Ram Dass crossed noiselessly to the door and stood close to it.

"None mount here but herself, Sahib," he said. "She has gone
out with her basket and may be gone for hours. If I stand here I
can hear any step before it reaches the last flight of the
stairs."

The secretary took a pencil and a tablet from his breast pocket.

"Keep your ears open," he said; and he began to walk slowly and
softly round the miserable little room, making rapid notes on his
tablet as he looked at things.

First he went to the narrow bed. He pressed his hand upon the
mattress and uttered an exclamation.

"As hard as a stone," he said. "That will have to be altered
some day when she is out. A special journey can be made to bring
it across. It cannot be done tonight." He lifted the covering
and examined the one thin pillow.

"Coverlet dingy and worn, blanket thin, sheets patched and
ragged," he said. "What a bed for a child to sleep in—and in a
house which calls itself respectable! There has not been a fire
in that grate for many a day," glancing at the rusty fireplace.

"Never since I have seen it," said Ram Dass. "The mistress of
the house is not one who remembers that another than herself may
be cold."

The secretary was writing quickly on his tablet. He looked up
from it as he tore off a leaf and slipped it into his breast
pocket.

"It is a strange way of doing the thing," he said. "Who planned
it?"

Ram Dass made a modestly apologetic obeisance.

"It is true that the first thought was mine, Sahib," he said;
"though it was naught but a fancy. I am fond of this child; we
are both lonely. It is her way to relate her visions to her
secret friends. Being sad one night, I lay close to the open
skylight and listened. The vision she related told what this
miserable room might be if it had comforts in it. She seemed to
see it as she talked, and she grew cheered and warmed as she
spoke. Then she came to this fancy; and the next day, the Sahib
being ill and wretched, I told him of the thing to amuse him. It
seemed then but a dream, but it pleased the Sahib. To hear of
the child's doings gave him entertainment. He became interested
in her and asked questions. At last he began to please himself
with the thought of making her visions real things."

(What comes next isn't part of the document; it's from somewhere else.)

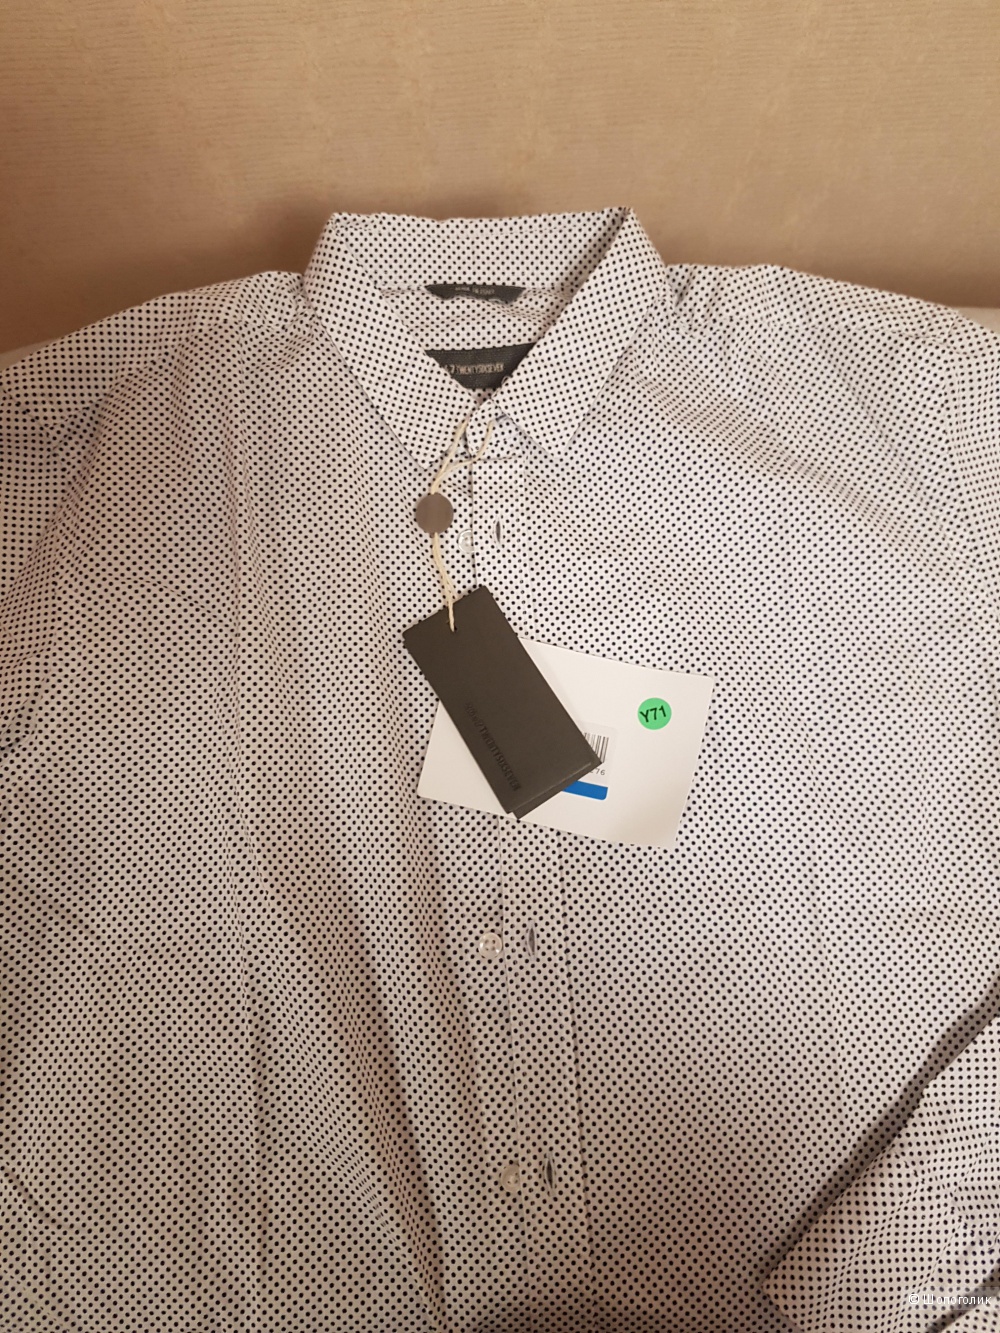 Продам рубашку мужскую размер L,  26.7 TWENTYSIXSEVEN (Италия)

"You think that it can be done while she sleeps? Suppose she
awakened," suggested the secretary; and it was evident that
whatsoever the plan referred to was, it had caught and pleased
his fancy as well as the Sahib Carrisford's.

"I can move as if my feet were of velvet," Ram Dass replied; "and
children sleep soundly—even the unhappy ones. I could have
entered this room in the night many times, and without causing
her to turn upon her pillow. If the other bearer passes to me
the things through the window, I can do all and she will not
stir. When she awakens she will think a magician has been here."

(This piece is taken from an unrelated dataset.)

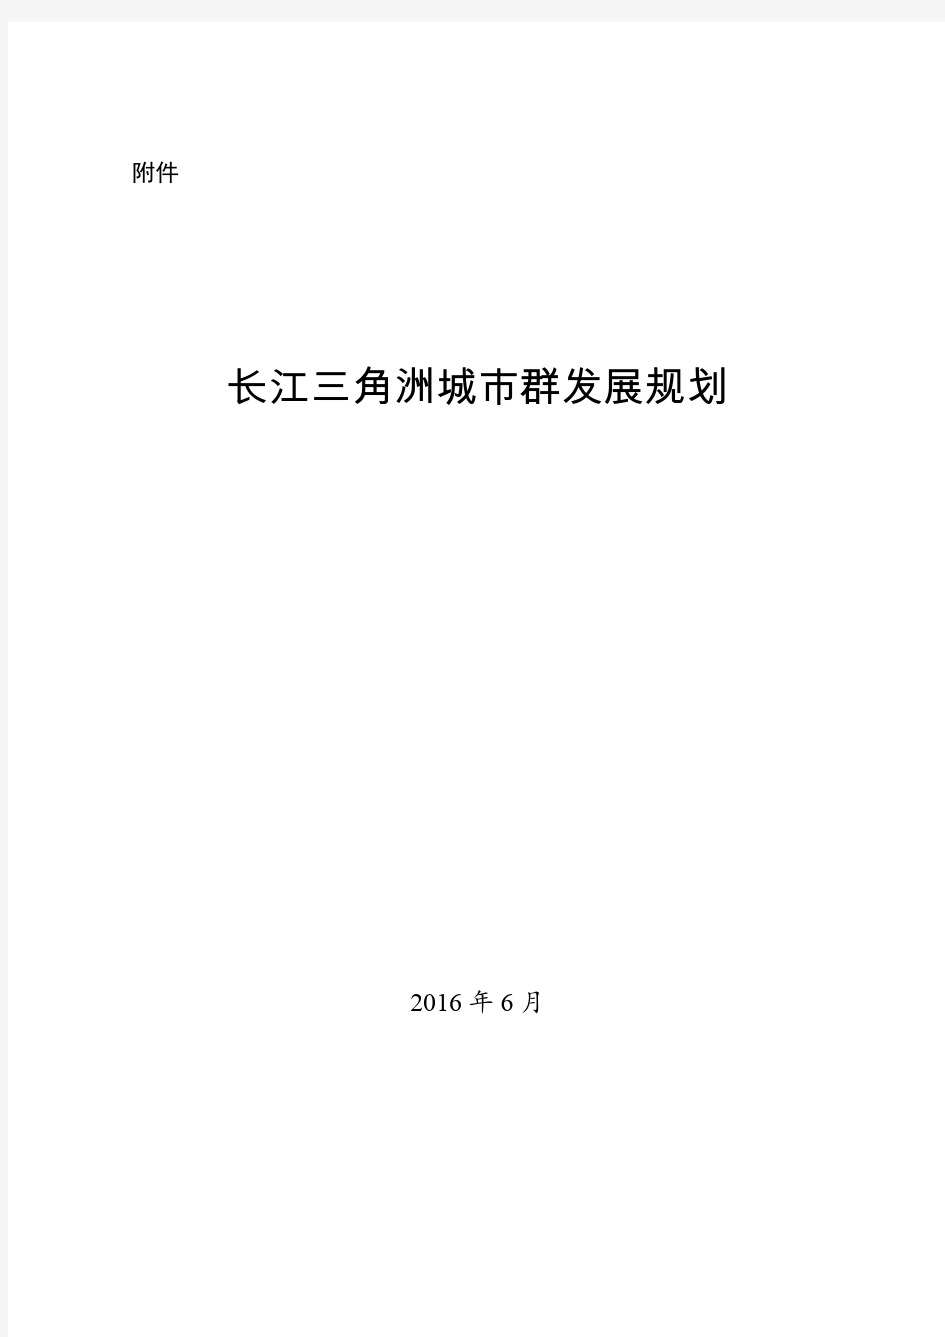 长江三角洲城市群发展规划(2015-2030)

He smiled as if his heart warmed under his white robe, and the
secretary smiled back at him.

"It will be like a story from the Arabian Nights," he said.
"Only an Oriental could have planned it. It does not belong to
London fogs."

They did not remain very long, to the great relief of
Melchisedec, who, as he probably did not comprehend their
conversation, felt their movements and whispers ominous. The
young secretary seemed interested in everything. He wrote down
things about the floor, the fireplace, the broken footstool, the
old table, the walls—which last he touched with his hand again
and again, seeming much pleased when he found that a number of
old nails had been driven in various places.

"You can hang things on them," he said.

Ram Dass smiled mysteriously.

"Yesterday, when she was out," he said, "I entered, bringing
with me small, sharp nails which can be pressed into the wall
without blows from a hammer. I placed many in the plaster where
I may need them. They are ready."

The Indian gentleman's secretary stood still and looked round
him as he thrust his tablets back into his pocket.

"I think I have made notes enough; we can go now," he said. "The
Sahib Carrisford has a warm heart. It is a thousand pities that
he has not found the lost child."

"If he should find her his strength would be restored to him,"
said Ram Dass. "His God may lead her to him yet."